(Bloomberg) The U.S. House of Representatives voted to revive a lapsed tax break for small businesses that encourages them to purchase equipment.
The 272-142 vote was short of the two-thirds majority needed to override a threatened veto by President Barack Obama. One Republican voted against the bill and 33 Democrats joined Republicans in supporting it.
The measure, which includes two narrower provisions for S corporations, would cost the government $79 billion over a decade in forgone revenue, according to the nonpartisan Joint Committee on Taxation.
Until Dec. 31, 2014, small businesses were able to immediately write off as much as $500,000 instead of spreading the deductions over multiple years; that level dropped to $25,000 this year. The bill passed Friday would permanently reinstate the higher limit and index it to inflation.
Republicans said Congress should act now, instead of waiting until December as it did last year, to let businesses know what tax policy will be for the current year.
“Let’s stop this monkey business,” Representative Paul Ryan of Wisconsin, chairman of the House Ways and Means Committee, said during floor debate on the measure. “Let’s stop this crazy notion of injecting all this uncertainty into small businesses.”
The White House said Obama opposes the bill because it lacks budgetary offsets and because it’s being considered outside of a plan for addressing other expiring tax breaks. The administration favors expanding small businesses’ ability to write off expenses as part of a broad revision of the tax code.
“To select out the low-hanging fruit for tax reform and leave the hard work for how we’re going to raise the money to pay for it for later does not make any legislative sense,” said Representative Charles Rangel, a New York Democrat.

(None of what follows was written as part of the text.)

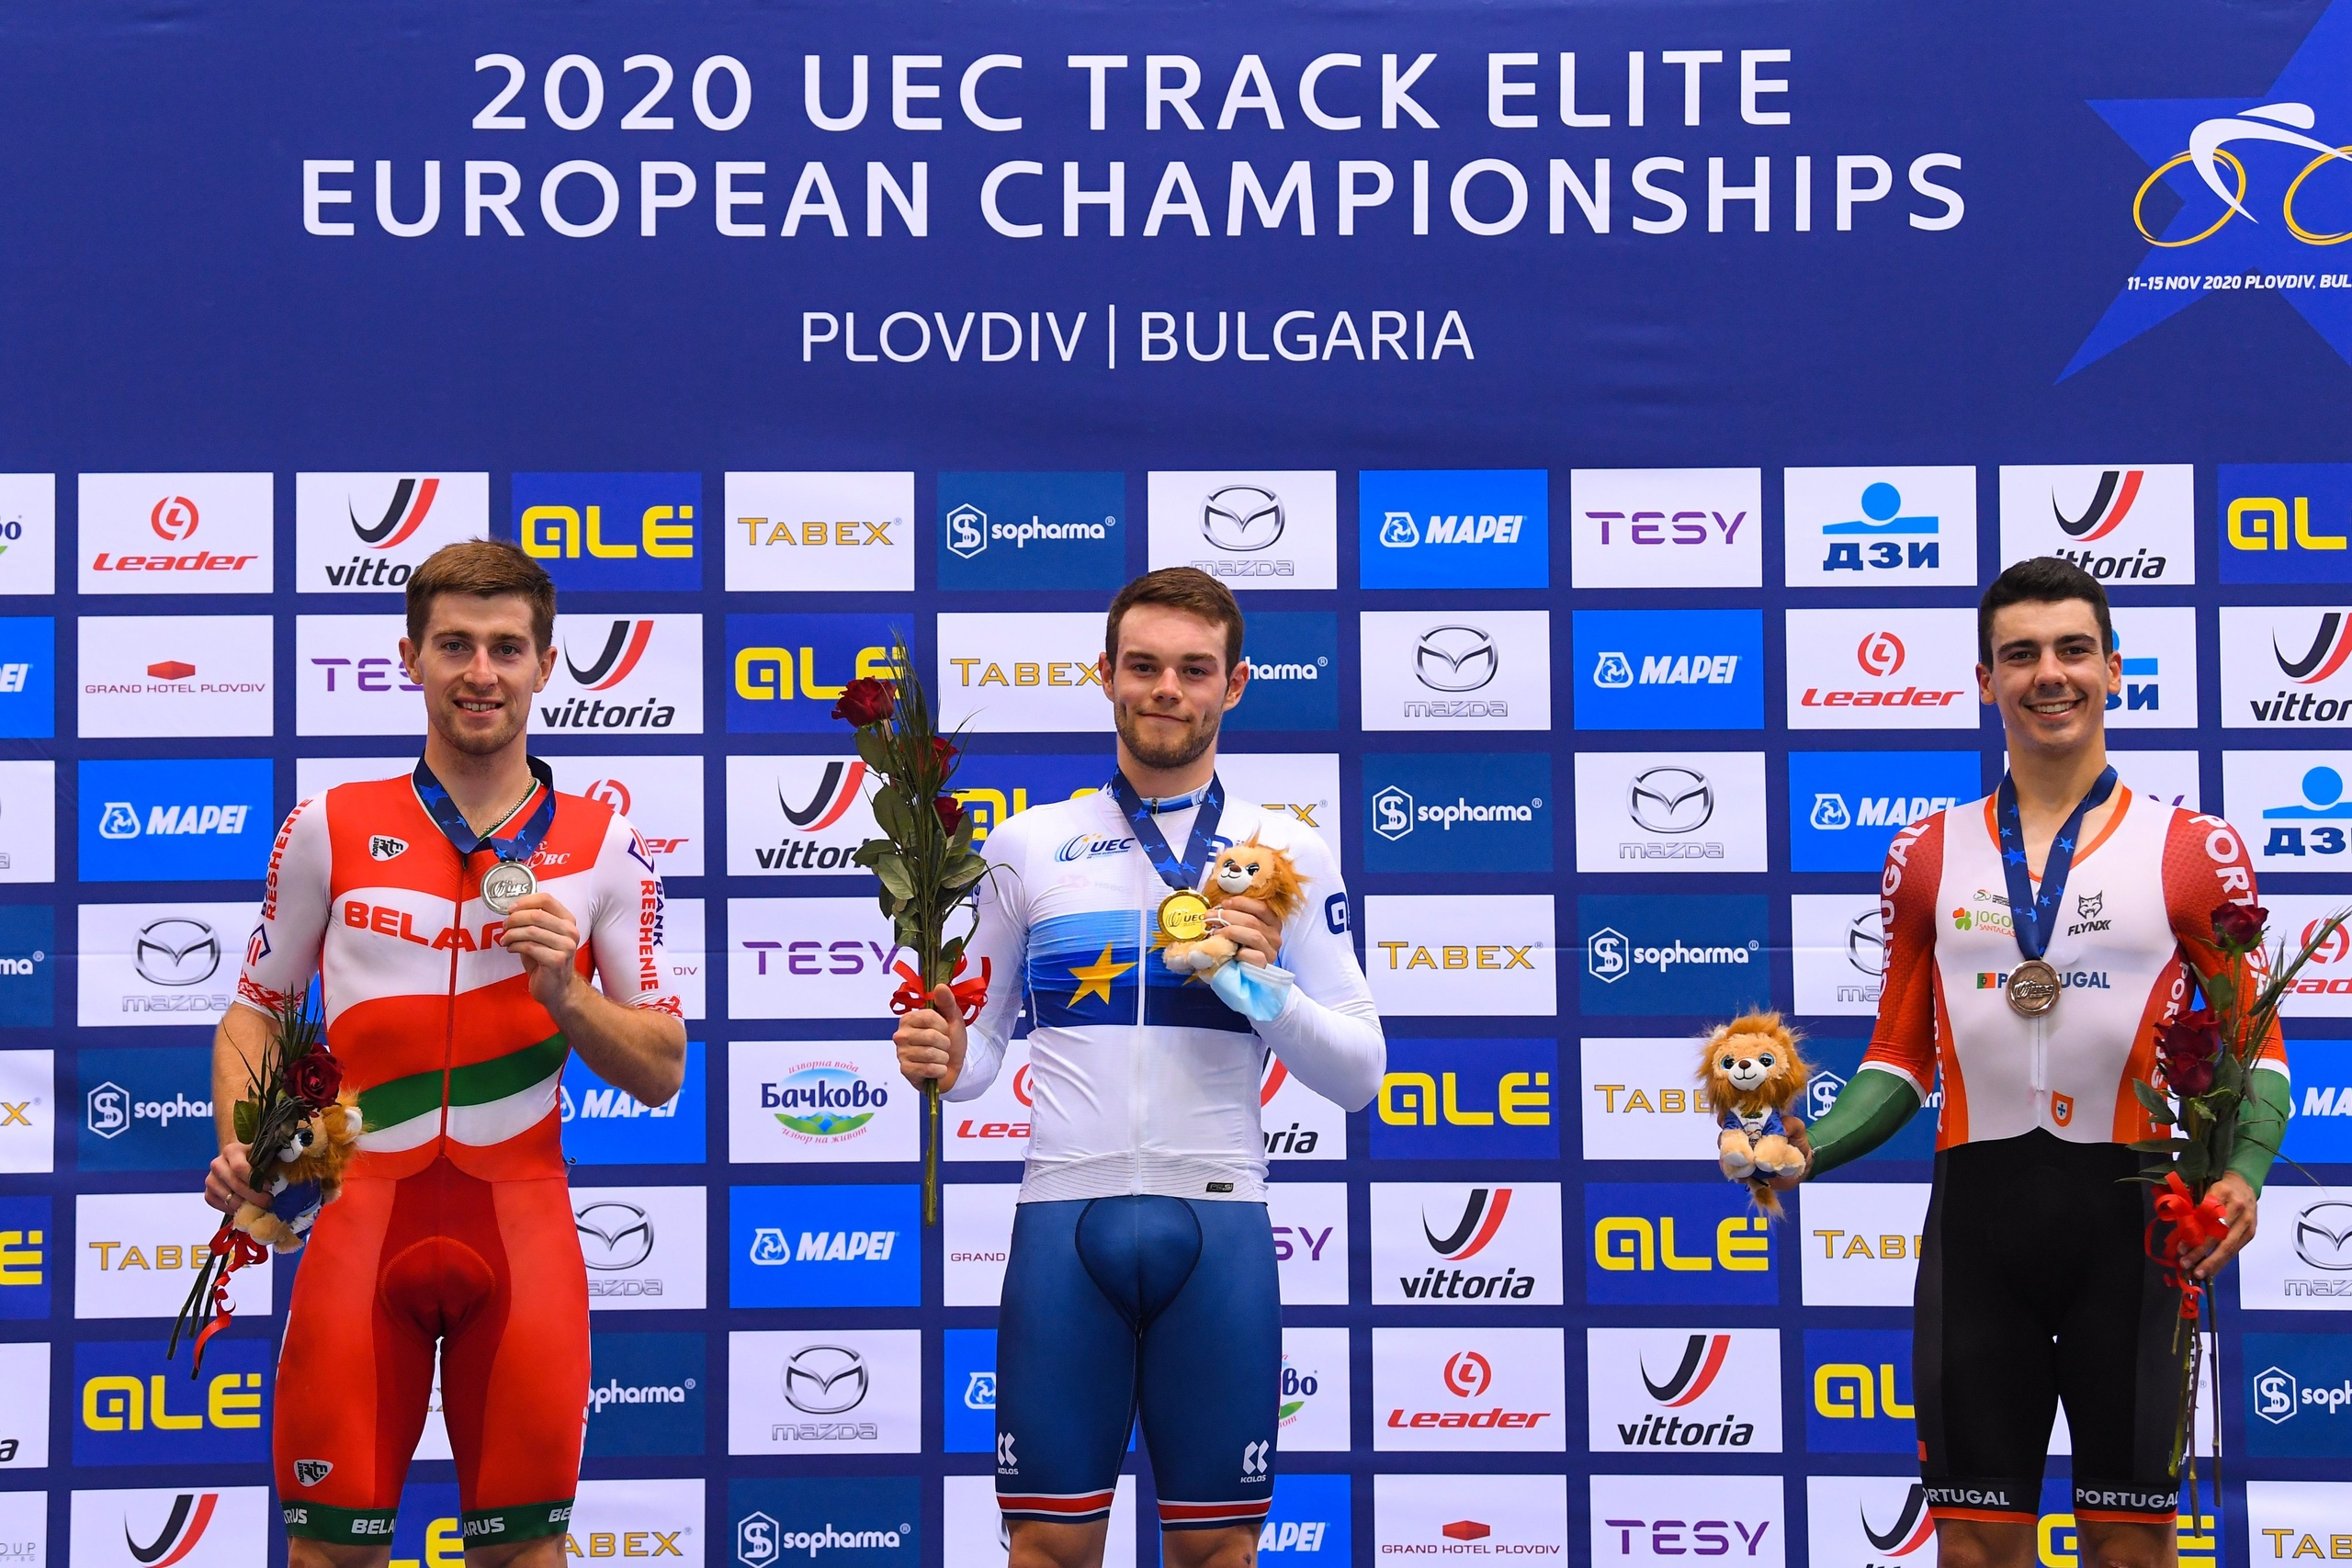 Results of the 2020 UEC European Track Championships

Senators haven’t settled on a strategy for how to address the House’s attempts to make some lapsed tax breaks a permanent part of the U.S. tax code.
Friday’s vote followed a similar House vote Thursday, in which the House passed a measure reviving expired charity tax breaks and extending them indefinitely. The vote on that bill exceeded the two-thirds threshold.
The small-business tax bill is H.R. 636. The charity tax bill is H.R. 644.